Repudiate the 9/11 Cover-Up and the Iraq War Lies,
Show Up for Democracy in 2004: Defeat Bush (again!)

http://longislandpress.com/v02/i08040226/news_02.asp

The 9/11 Truth Movement - Part Two

No Easy Answer Heroin, Al Qaeda And The Florida Flight School
By Sander Hicks

[read part one here:
http://www.longislandpress.com/v02/i07040219/coverstory_01.asp]

Last March, on the first day of the 9/11 Commission
hearings, commissioner Richard Ben-Veniste opened his
remarks with sharp criticism of the current White
House and the delays in processing the commissioners'
security clearances. Ben-Veniste, who first came to
prominence as a Watergate special prosecutor from 1973
to 1975, was counsel for the Democratic minority on
the Senate Whitewater committee. Today he is a major
attorney with a top firm in D.C.

But what makes Ben-Veniste such an intriguing player
on the 9/11 Commission (The National Commission on
Terrorist Attacks Upon the United States) is his
experience with rogue drug-running CIA operatives.
Ben-Veniste defended Barry Seal, the notorious
smuggler who flew C-123 military cargo planes filled
with cocaine into Mena, Arkansas on behalf of the
contras.

Al Qaeda's lead 9/11 hijacker, Mohamed Atta, was
allegedly partying with CIA-connected pilots while he
got his flight training in fall/winter 2000 at Huffman
Aviation in Venice, Fla., where two of the other 9/11
hijacker pilots trained. Atta wasn't acting much like
a holy martyr: He wore jeans and sneakers, played
video games, bought himself a red Pontiac and was said
to be a hedonist. The Press posed the question to
Ben-Veniste: If Atta belonged to the fundamentalist
Muslim group, why was he snorting cocaine and
frequenting strip bars?

"You know," said Ben-Veniste, as he smiled a little.
"That's a heck of a question."

Follow the Drugs

The source of this information about Atta and cocaine
is Amanda Keller, Atta's American ex-girlfriend,
according to Daniel Hopsicker, an investigative
journalist who has spent two years researching Huffman
and its ties to the CIA. It took Hopsicker a year, but
he tracked Keller down.

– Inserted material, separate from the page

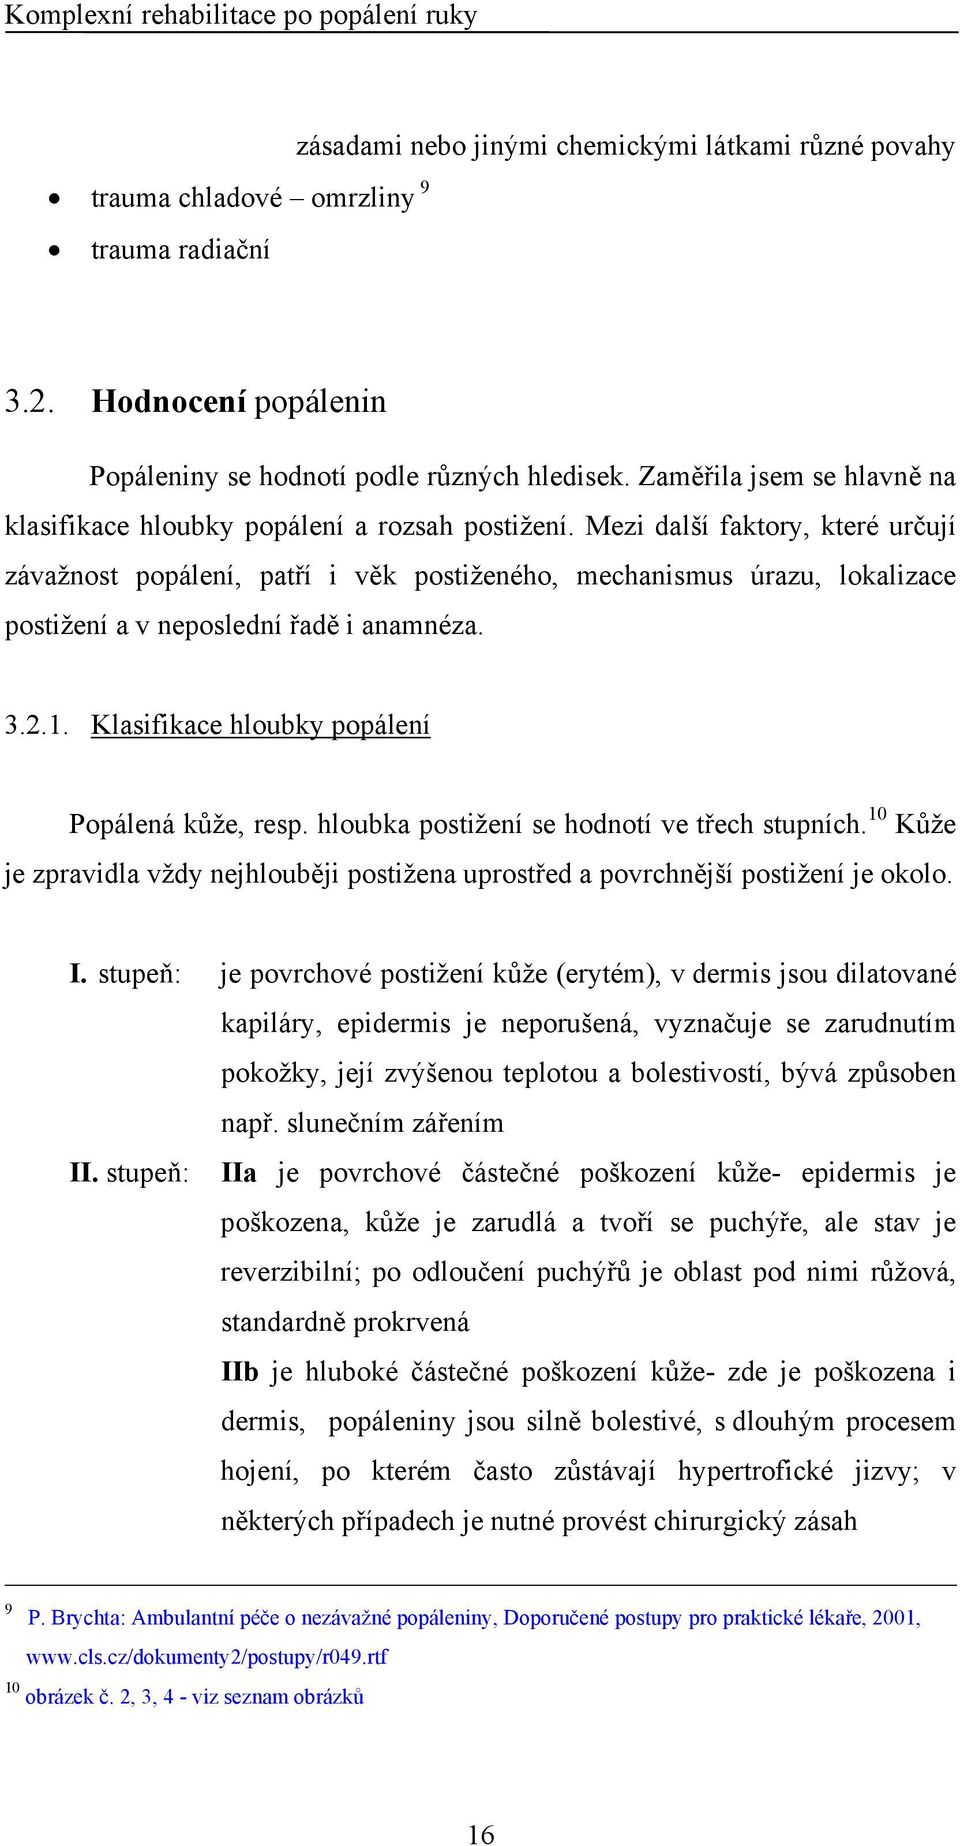 UNIVERZITA KARLOVA V PRAZE 3. LÉKAŘSKÁ FAKULTA - PDF Free Download

Like many other witnesses who
knew Atta, Keller says she has been harassed by the
Florida Department of Law Enforcement. Keller has not
been called as a witness by the 9/11 Commission.

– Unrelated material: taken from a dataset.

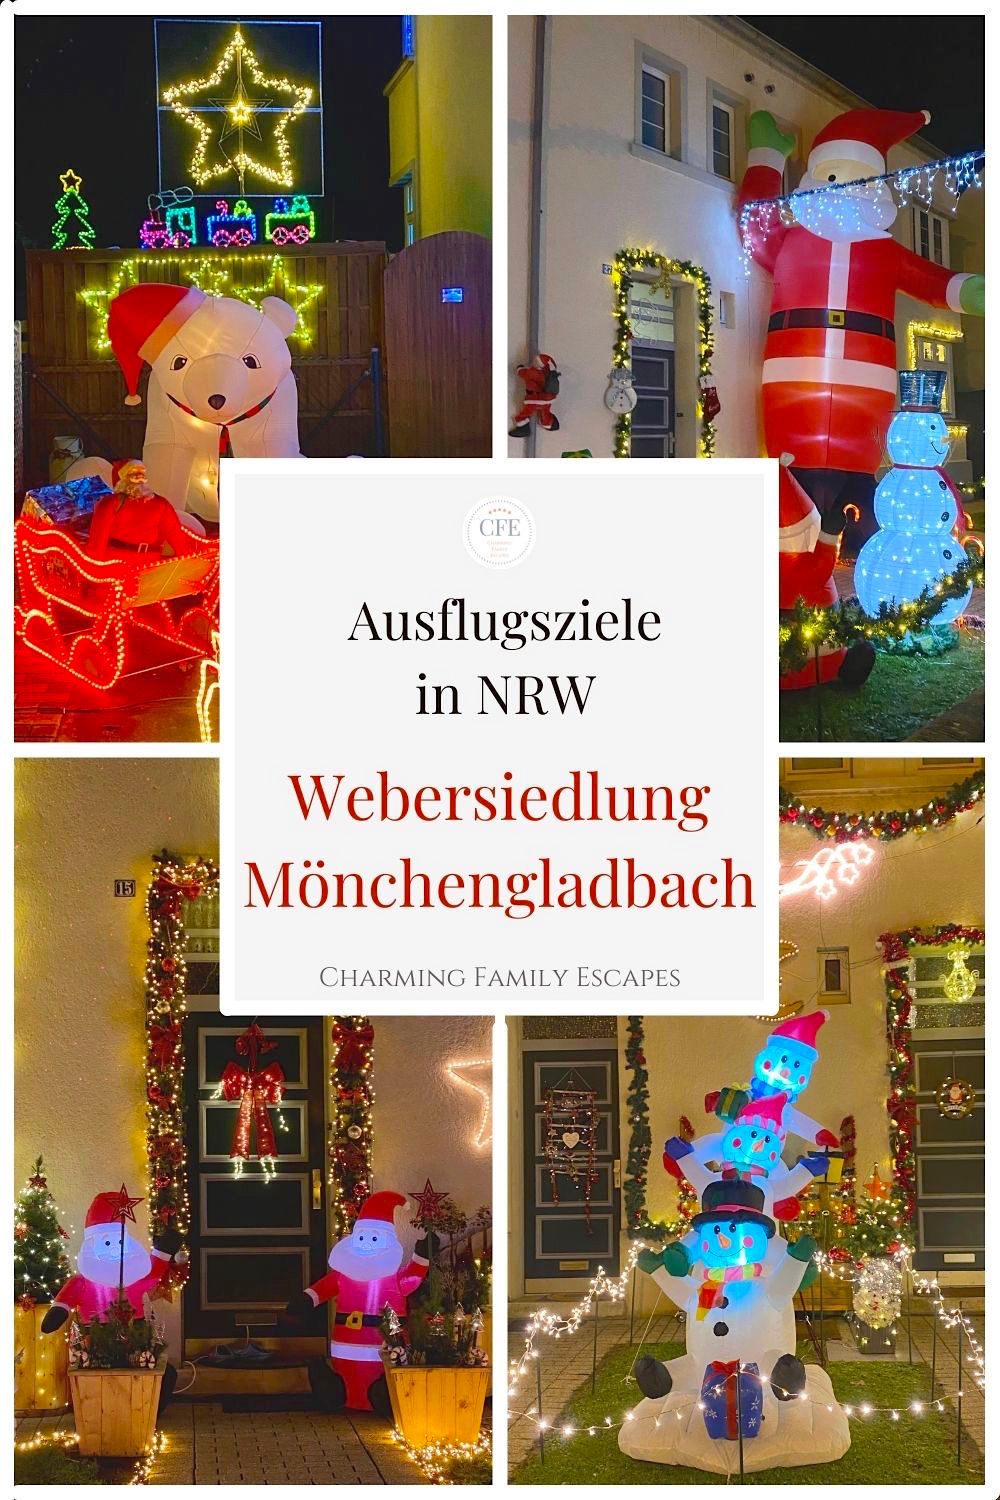 Webersiedlung Mönchengladbach zu Weihnachten auf Charming Family Escapes

Hopsicker's self-published book, Welcome to
Terrorland, details his investigation of what he calls
the "Venice flying circus." Through interviews with
Keller, Hopsicker has drawn a private picture of Atta,
a psychopath Keller says dismembered a litter of
kittens in her apartment when she dumped him.

Hopsicker is still researching the three
Huffman-trained 9/11 pilots, who he says had
financial, drug-trafficking and military intelligence
ties to the U.S. government. He is developing
suspicions that Atta and the entire school were
involved with Osama bin Laden in heroin trafficking.
Hopsicker reports that on July 25, 2000, the DEA in
Orlando discovered more than 30 pounds of heroin
inside a Learjet owned by Wally Hilliard, owner of
Huffman Aviation. Earlier that month, on July 3, Atta
and Marwan Al-Shehri had started flight lessons at
Huffman. Hopsicker claims it's not a coincidence that
Atta was allegedly importing heroin with Hilliard's
help, selling Afghanistan's notorious opium and heroin
to finance the Taliban. Hilliard would not be
interviewed for this story.

"The apparatus that Osama bin Laden set into place
along with the CIA back in the '80s, still exists,"
Hopsicker says. "The FBI is protecting an operation
set in place back in the '80s...a money-laundering
device to funnel money to the Afghan Mujahedeen and to
flood this country with heroin."

Military Money Makers

Outlandish? Yes. Impossible? Certainly not, given the
documented histories of narcotics trafficking by the
U.S. military intelligence. If true, this puts the
story on a par with the alleged Vietnam War-era
heroin-exporting operation coming out of Laos and
Cambodia, or the connection between the Nicaraguan
Contras, the CIA and crack cocaine, as alleged in 1995
by Gary Webb in the San Jose Mercury News.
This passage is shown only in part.